PanCAN Japan では、 最新の研究情報や治療選択肢について、
患者さん・ご家族の皆さまに分かりやすくお伝えしていきます。

がん治療に影響を与えた2025年のがんニュース

がん治療に影響を与えた2025年のがんニュース

『Cancer Today』編集部による、2025年のがん研究と治療に関する影響力のある報道と記事を紹介。

Cancer Today 編集部

2025年12月26日

cancertoday 2025news

画像提供:wildpixel / iStock / Getty Images Plus

研究の進展 ががん治療の向上を続けています。
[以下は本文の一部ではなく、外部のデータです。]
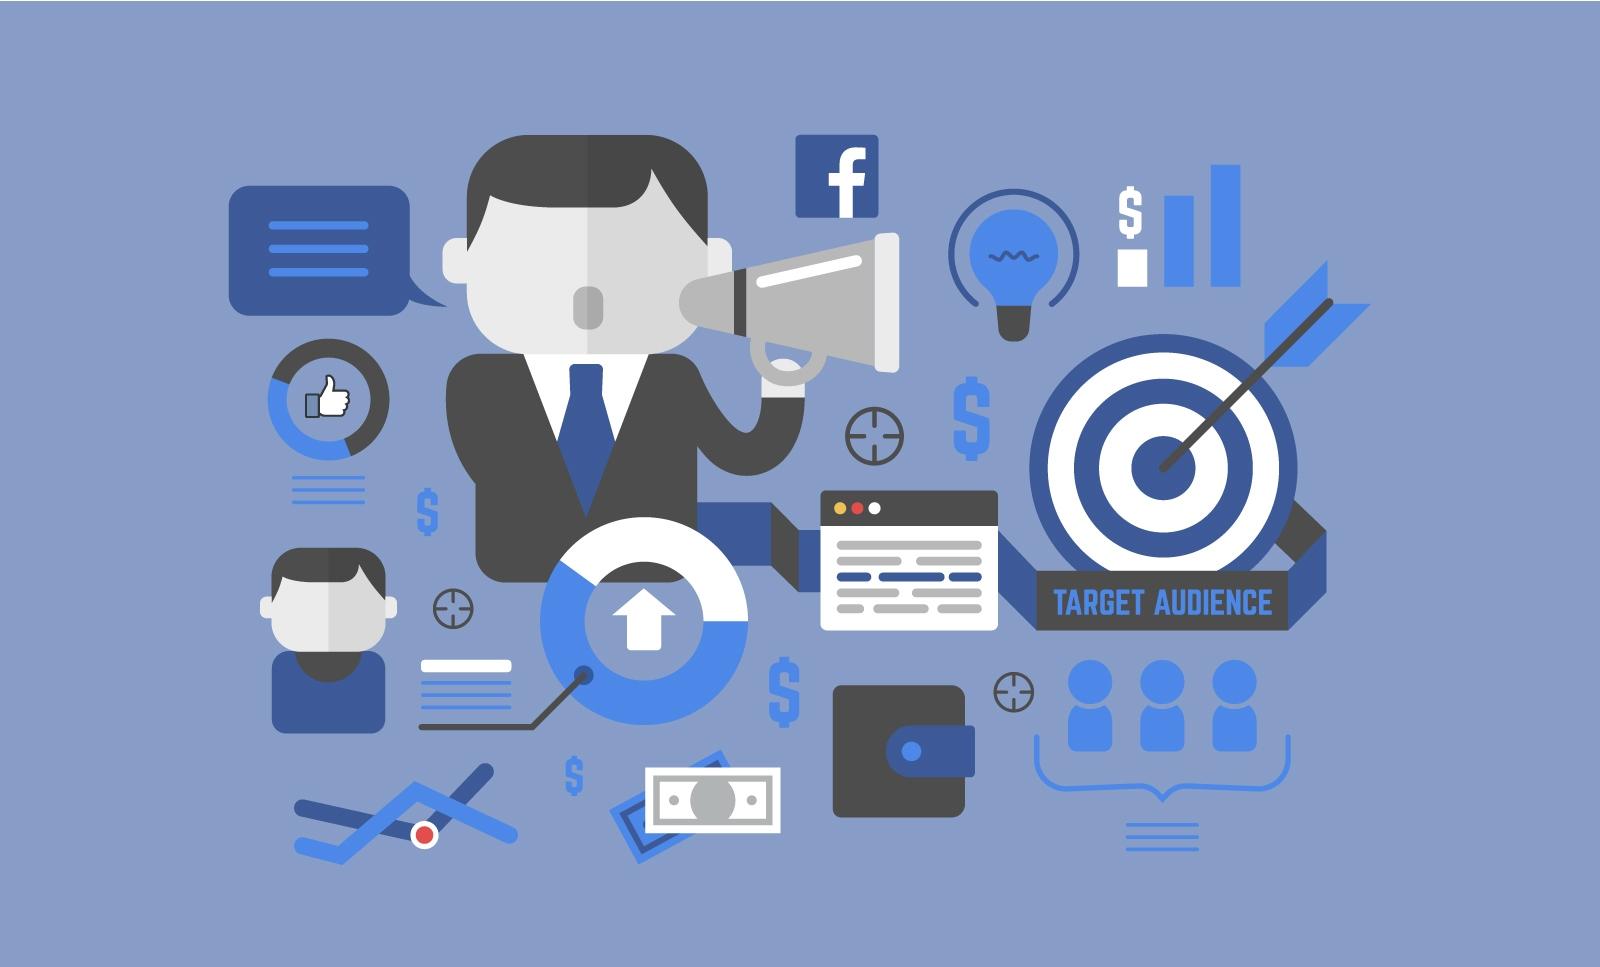 Продвижение бизнес-аккаунта ,с помощью таргетированной рекламы
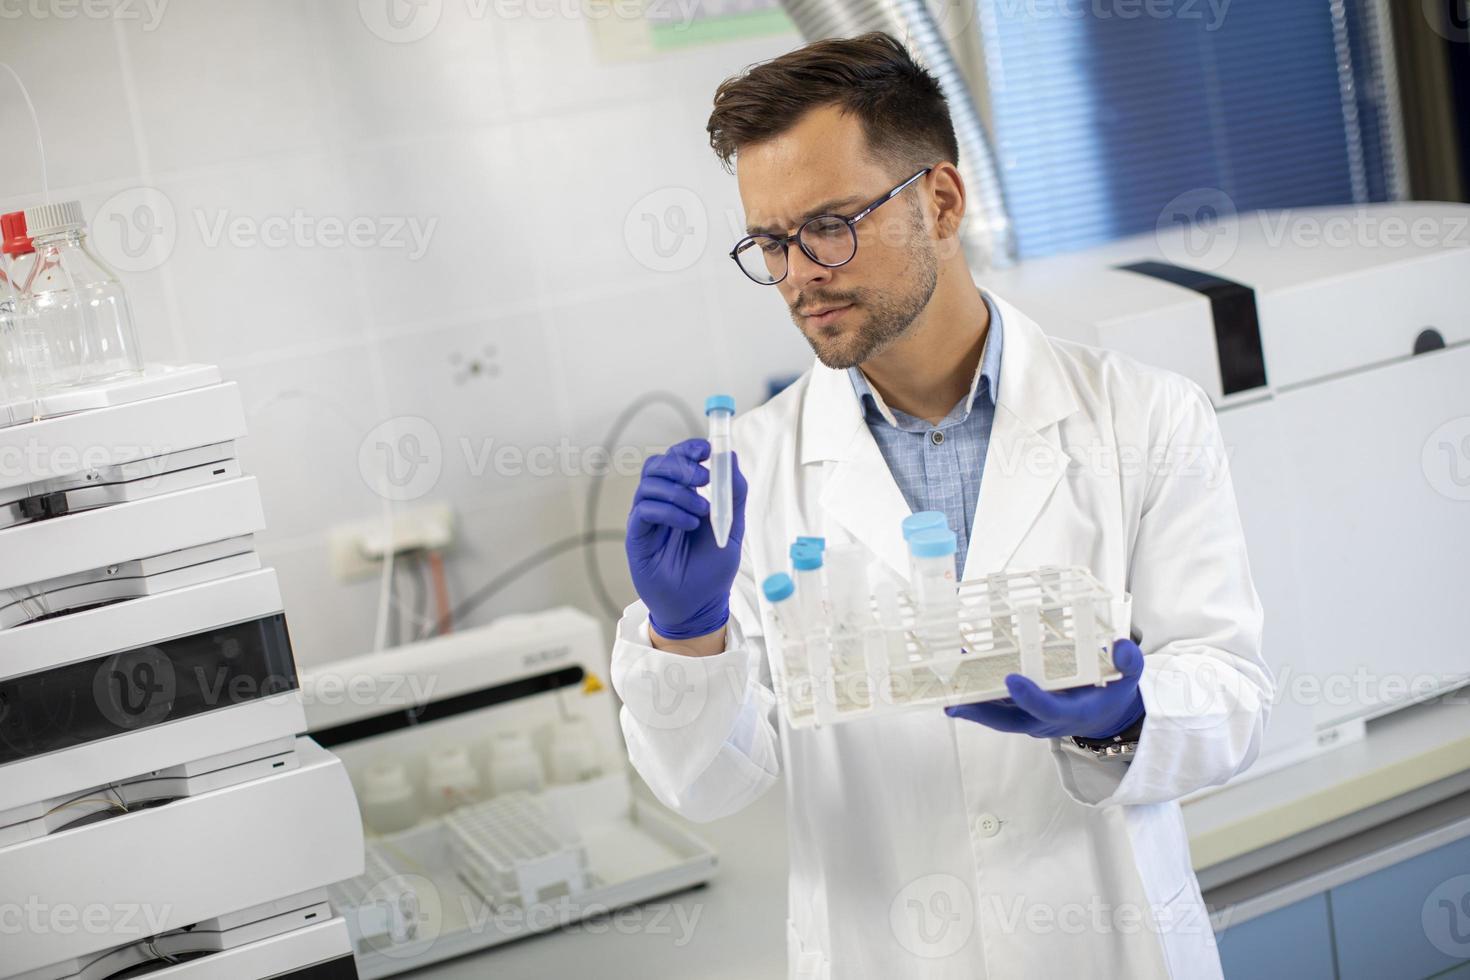 jonge onderzoeker die met chemische monsters in laboratorium werkt foto

しかしこの進歩は必ずしも直線的ではありません。今年注目すべき記事の多くは、若年成人におけるがん症例の増加、山火事消防士の職業上の危険、研究助成金の遅延・取り消しという差し迫った問題など、新たかつ進化する課題を指摘しています。こうした課題の中にも明るい兆しはある。膵臓がん患者に希望をもたらす標的療法の突破口、健康な細胞を保護しながら腫瘍組織に集中攻撃する治療法、治療で発声能力を失った人々の声を取り戻す新技術などだ。同様に重要なのは、不屈の精神と希望の物語が、我々が正しい方向へ進むための支えとなることである。以下は、Cancer Todayの編集部が選んだ、今年注目を集めた物語の一部である。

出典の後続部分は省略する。